Isabelle sintió un escalofrío en su espalda al escuchar de nuevo la sensual voz de Spencer, siempre le había encantado su acento británico. Era como una caricia.

Pero no podía pensar en esas cosas, sabía que tenía que centrarse en lo que estaba pasando. Ese era el momento que la familia Chatsfield había estado esperando, el momento de ver quién tenía el resto de las acciones, ese dos por ciento que tanto necesitaba. Ella sí sabía quién iba a entrar por esa puerta. Hacía ya algún tiempo que lo sabía. No entendía cómo nadie más había conseguido unir las piezas del rompecabezas y descubierto de quién se trataba. Sabía que la noticia iba a aparecer en todos los medios de comunicación en cuanto se hiciera pública. La familia Chatsfield parecía tener un talento especial para protagonizar todo tipo de escándalos, pero el que estaba a punto de salir a la luz iba a ocupar las páginas de los periódicos durante semanas.

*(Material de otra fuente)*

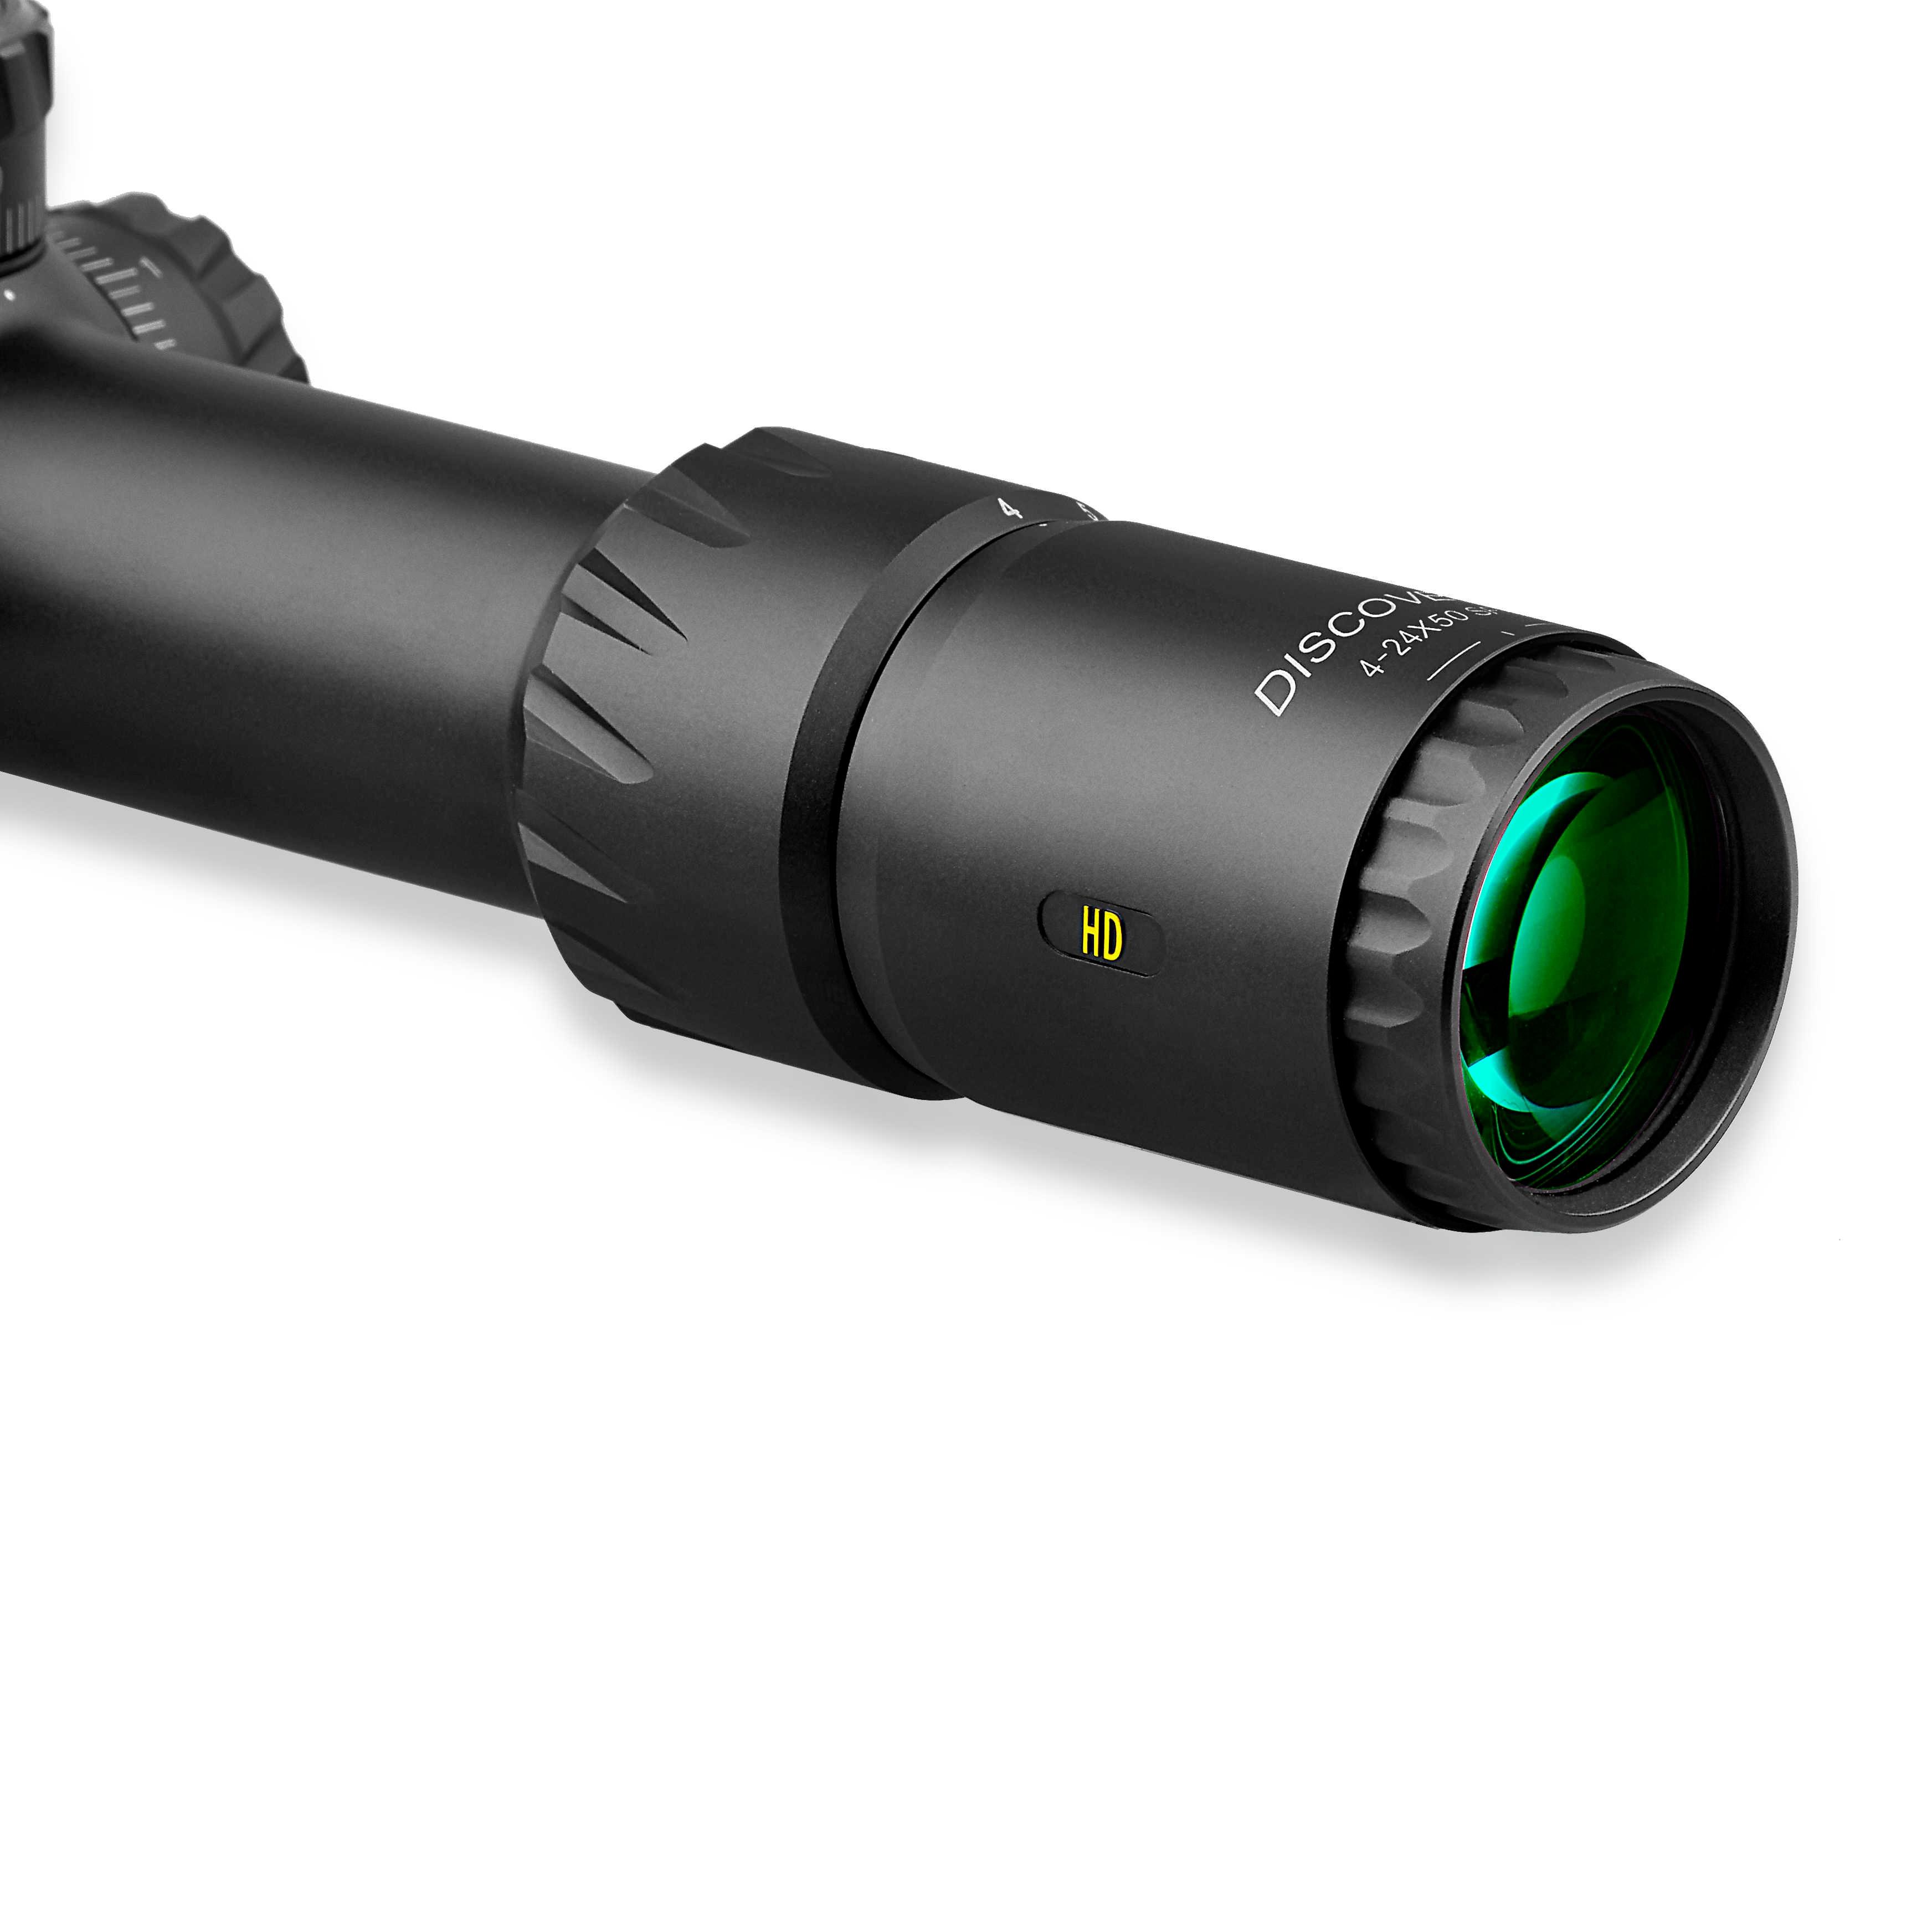 Discovery Hd 4-24 X50 Ffp Geavanceerde Pistool Bezienswaardigheden Hunting Rifle Jacht Optics Scope China Beste

Se abrió la puerta y entró la madrastra de Isabelle, causando una conmoción entre los miembros de la familia Chatsfield que estaban presentes en la reunión. Era casi como si estuvieran viendo un fantasma.

–¿Mamá? –dijo alguien.

–¿Tú? –susurró otro más.

–¿Cómo has podido…? –preguntó uno de sus hijos.

–¿Liliana? –susurró Gene.

Isabelle sintió lástima por todos menos por Spencer. Le parecía casi un milagro que Liliana hubiera sido capaz de mantener su identidad en secreto durante tanto tiempo. Sobre todo en la era digital, cuando todos tenían cámaras en los móviles y tanto le gustaba a la gente etiquetar a otras personas en las redes sociales. Pero Isabelle siempre había sabido que su madrastra era una mujer reservada e introvertida, alguien a quien le gustaba más la soledad que ser sociable.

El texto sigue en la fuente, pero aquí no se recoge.